**** DATA ****
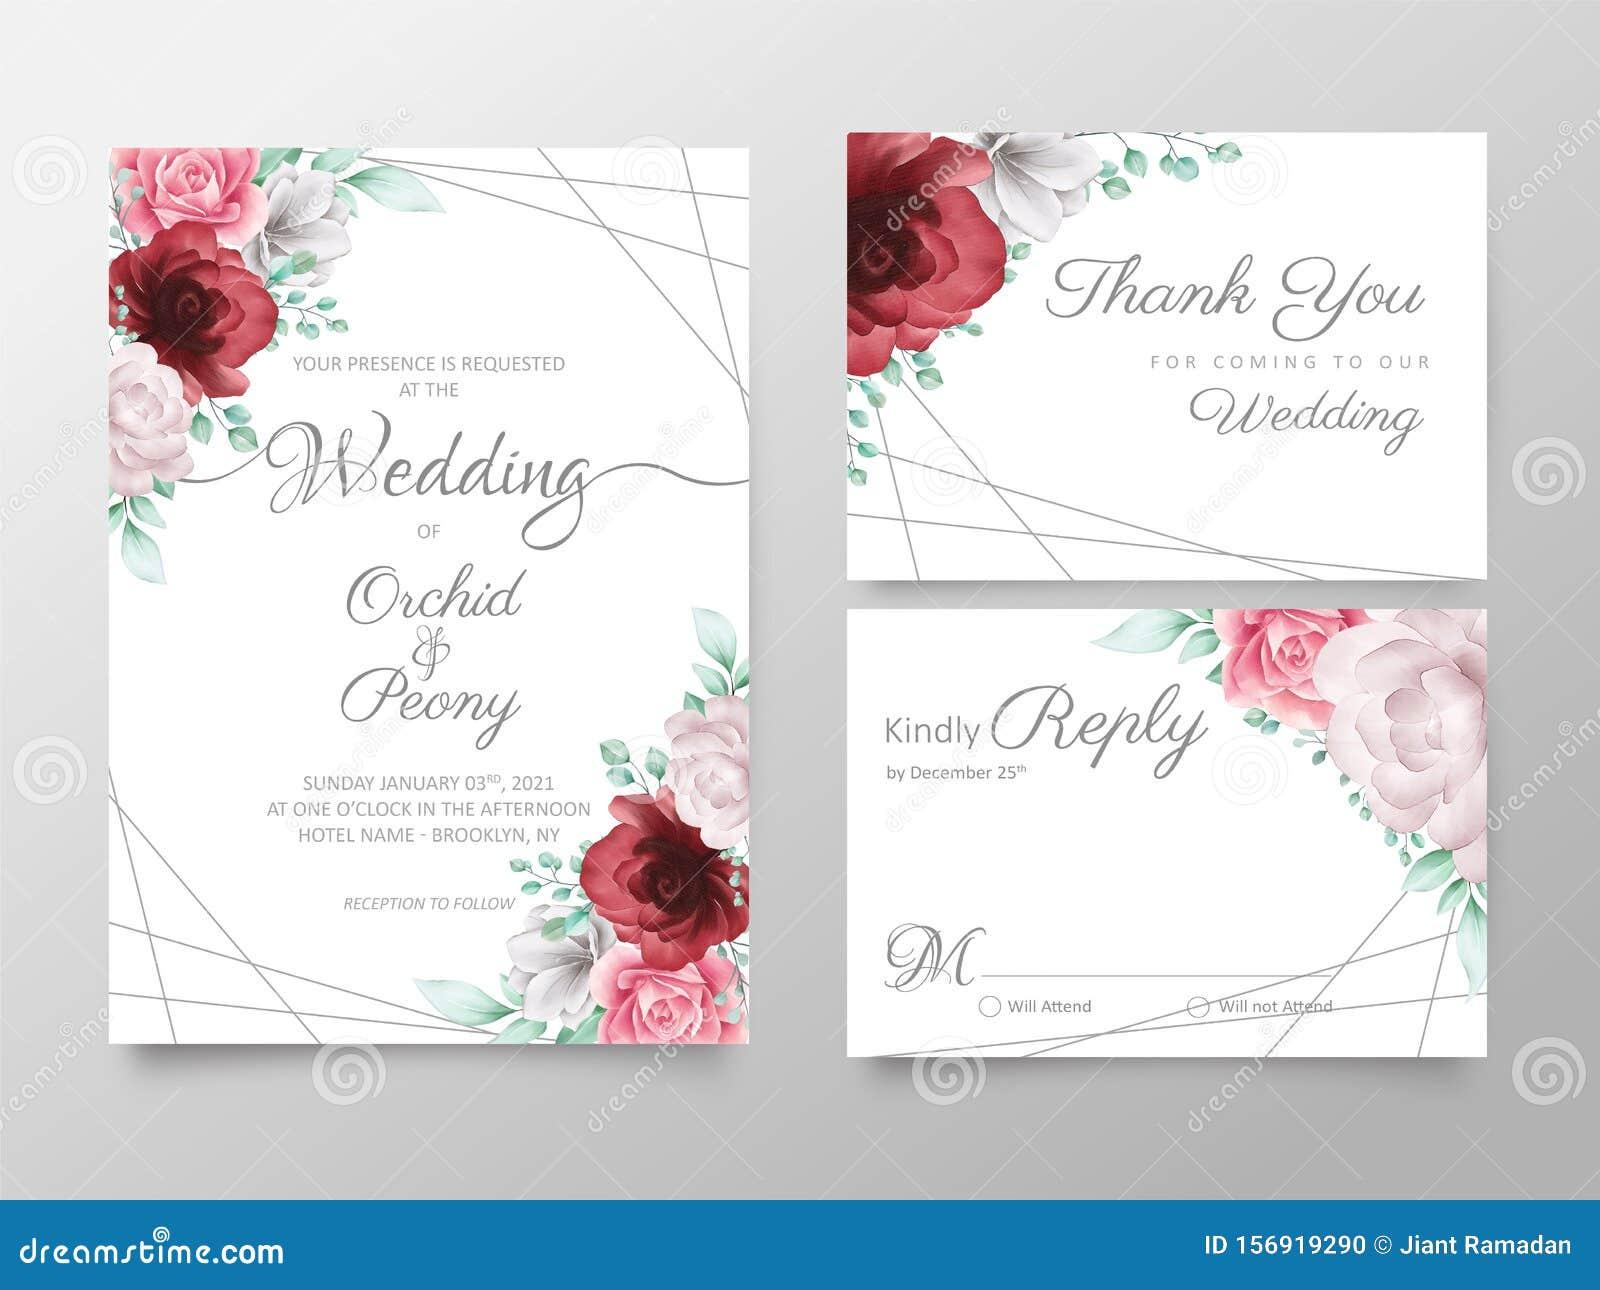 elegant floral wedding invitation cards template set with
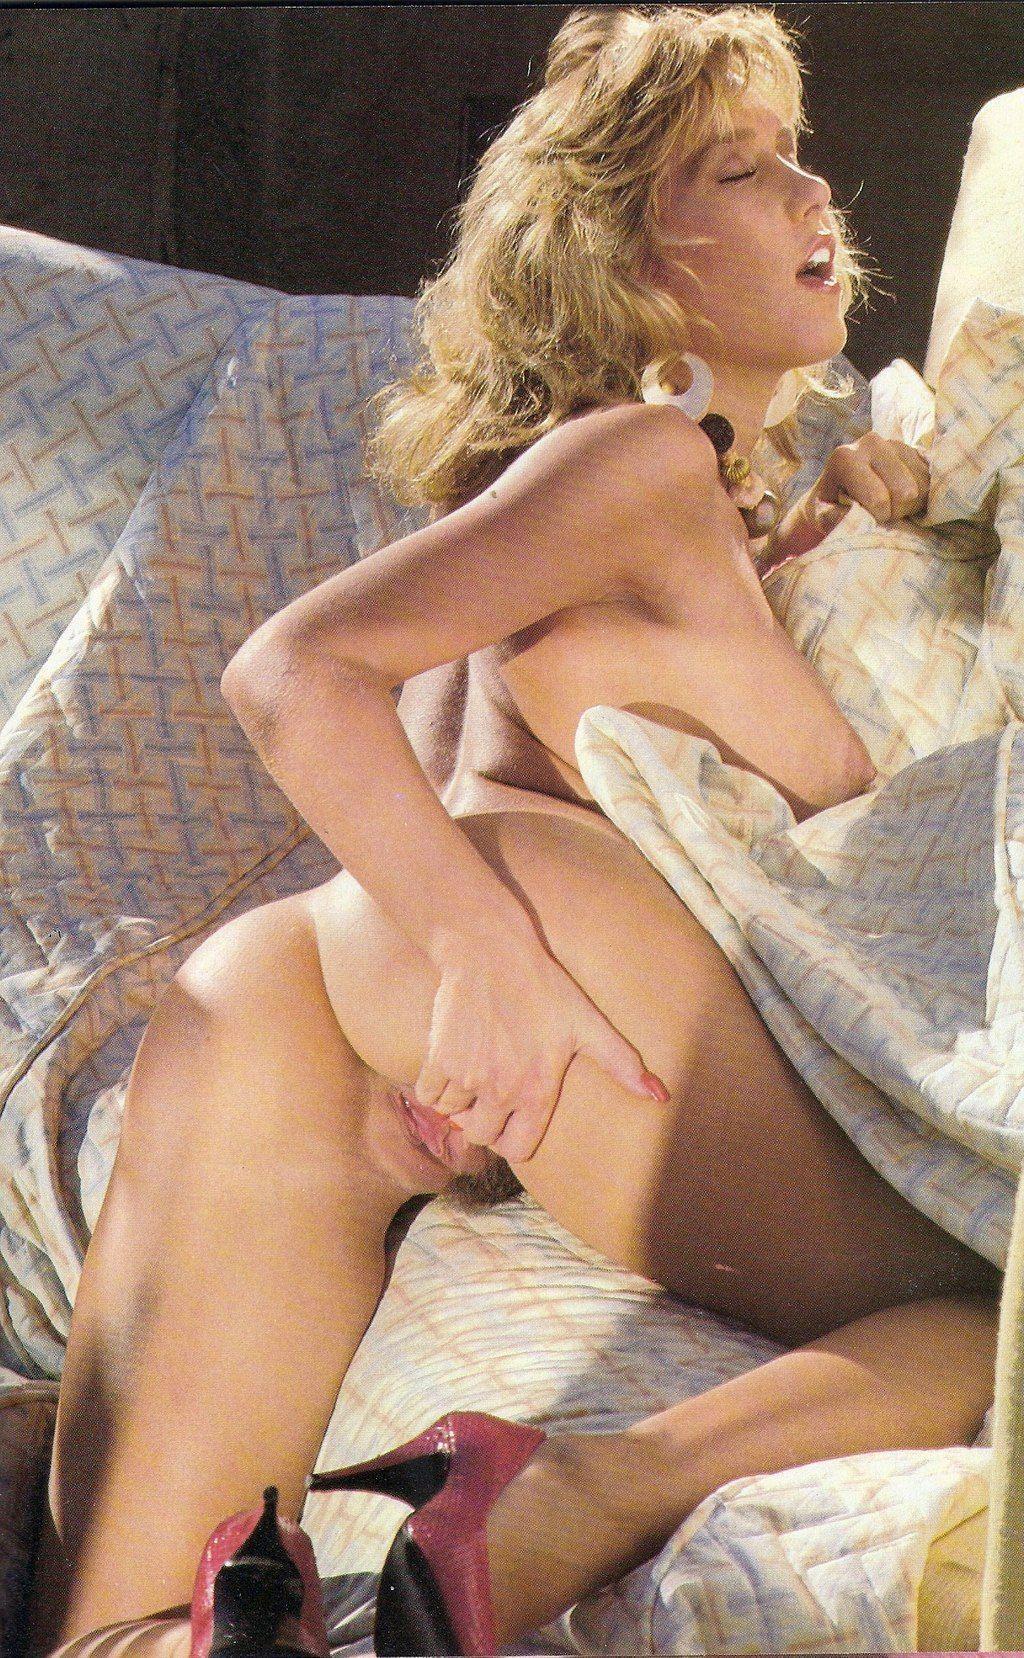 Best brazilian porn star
****
**** DATA ****
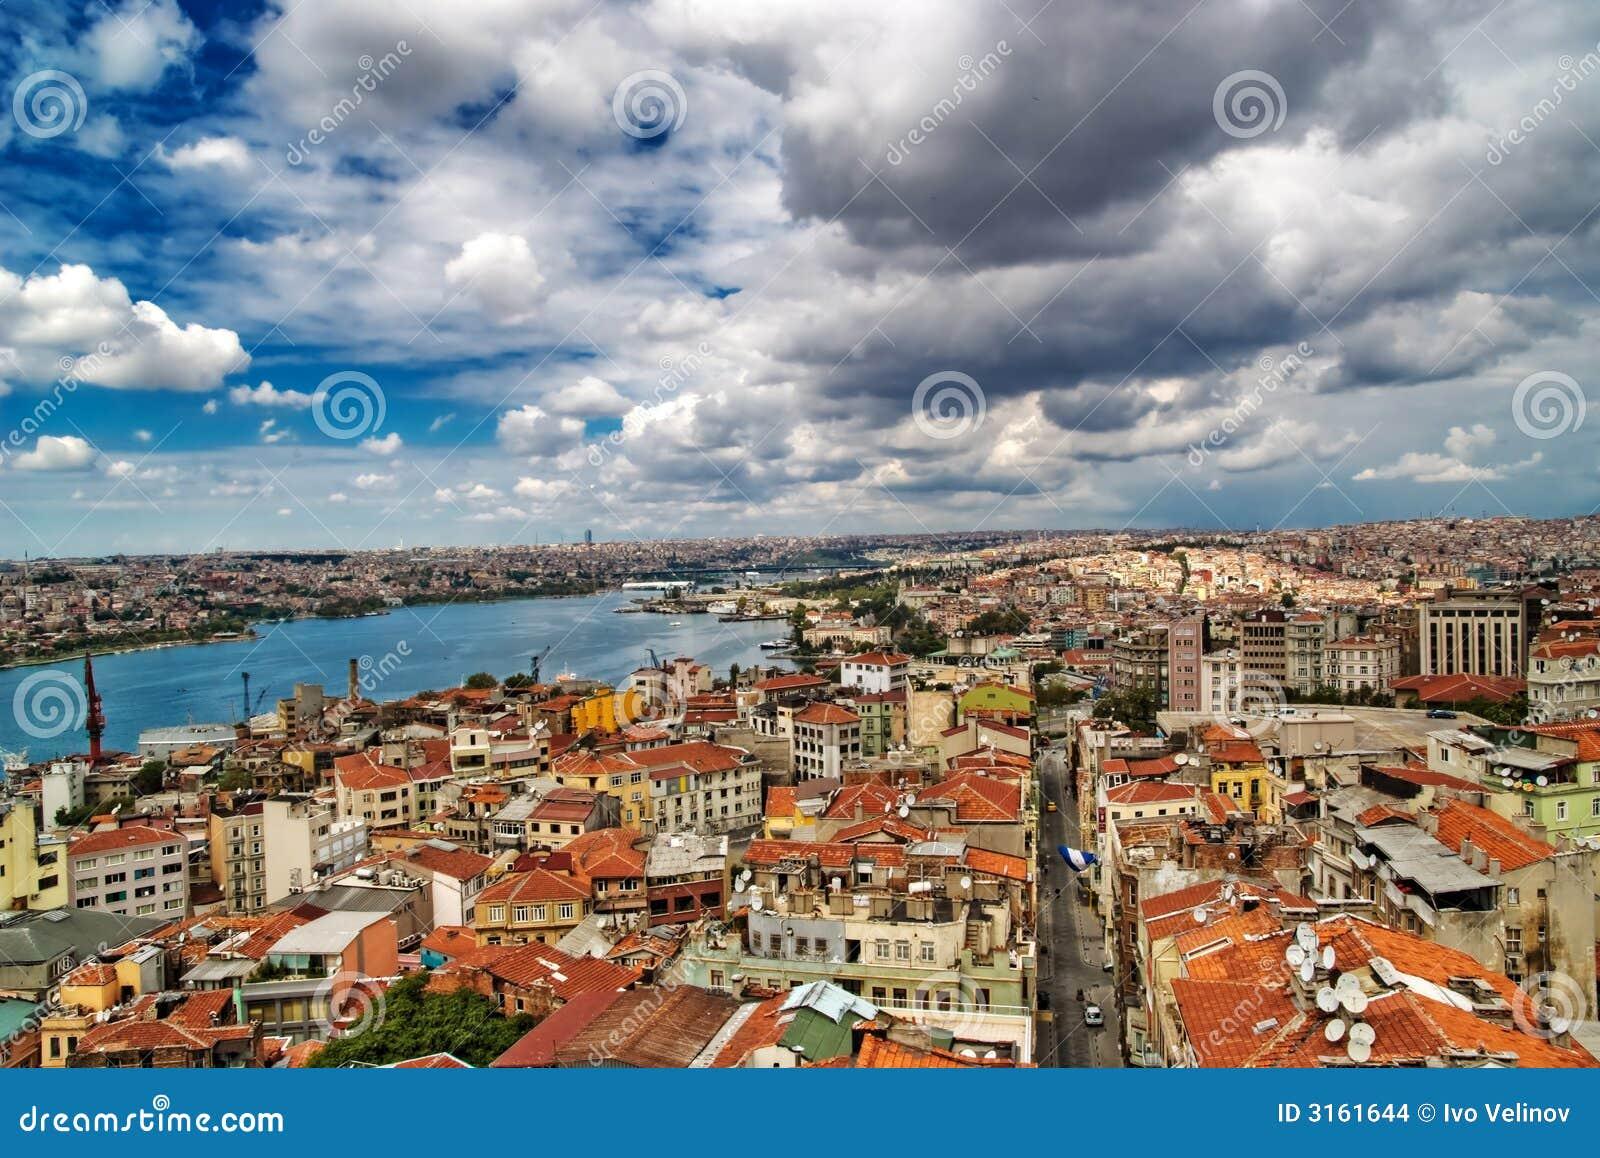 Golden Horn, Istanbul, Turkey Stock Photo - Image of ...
****
**** DATA ****
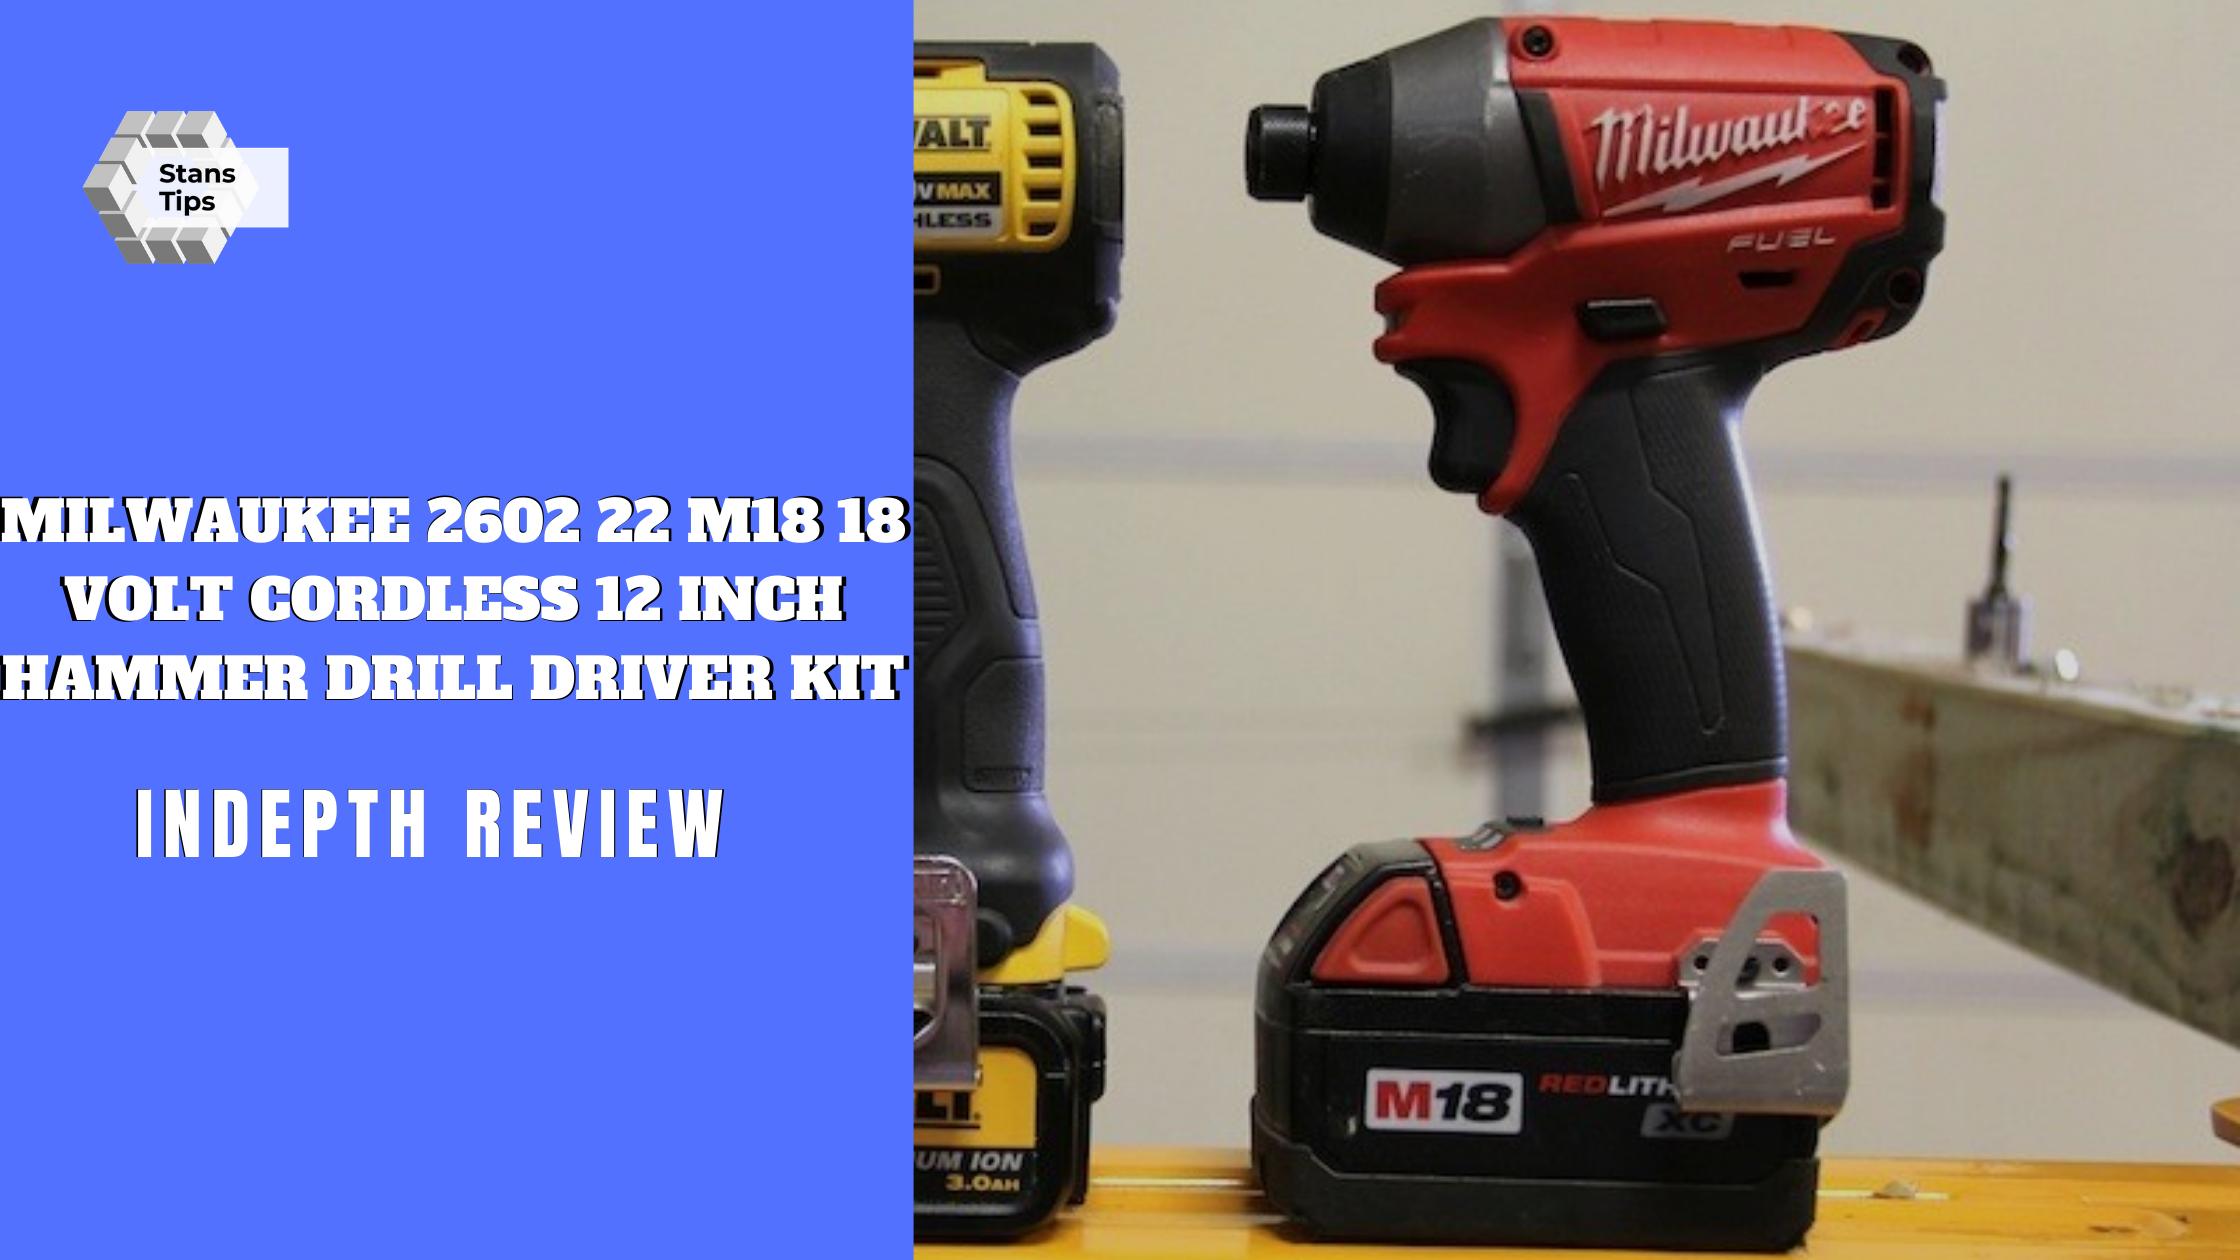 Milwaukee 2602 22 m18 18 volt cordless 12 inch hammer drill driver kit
****
When copying from the data above, begin at the line containing "elegant floral wedding" and end at the line containing "Best brazilian porn star"; return those lines exactly and leave all pictures behind.

§ EXPECTED OUTPUT
 elegant floral wedding invitation cards template set with
 Best brazilian porn star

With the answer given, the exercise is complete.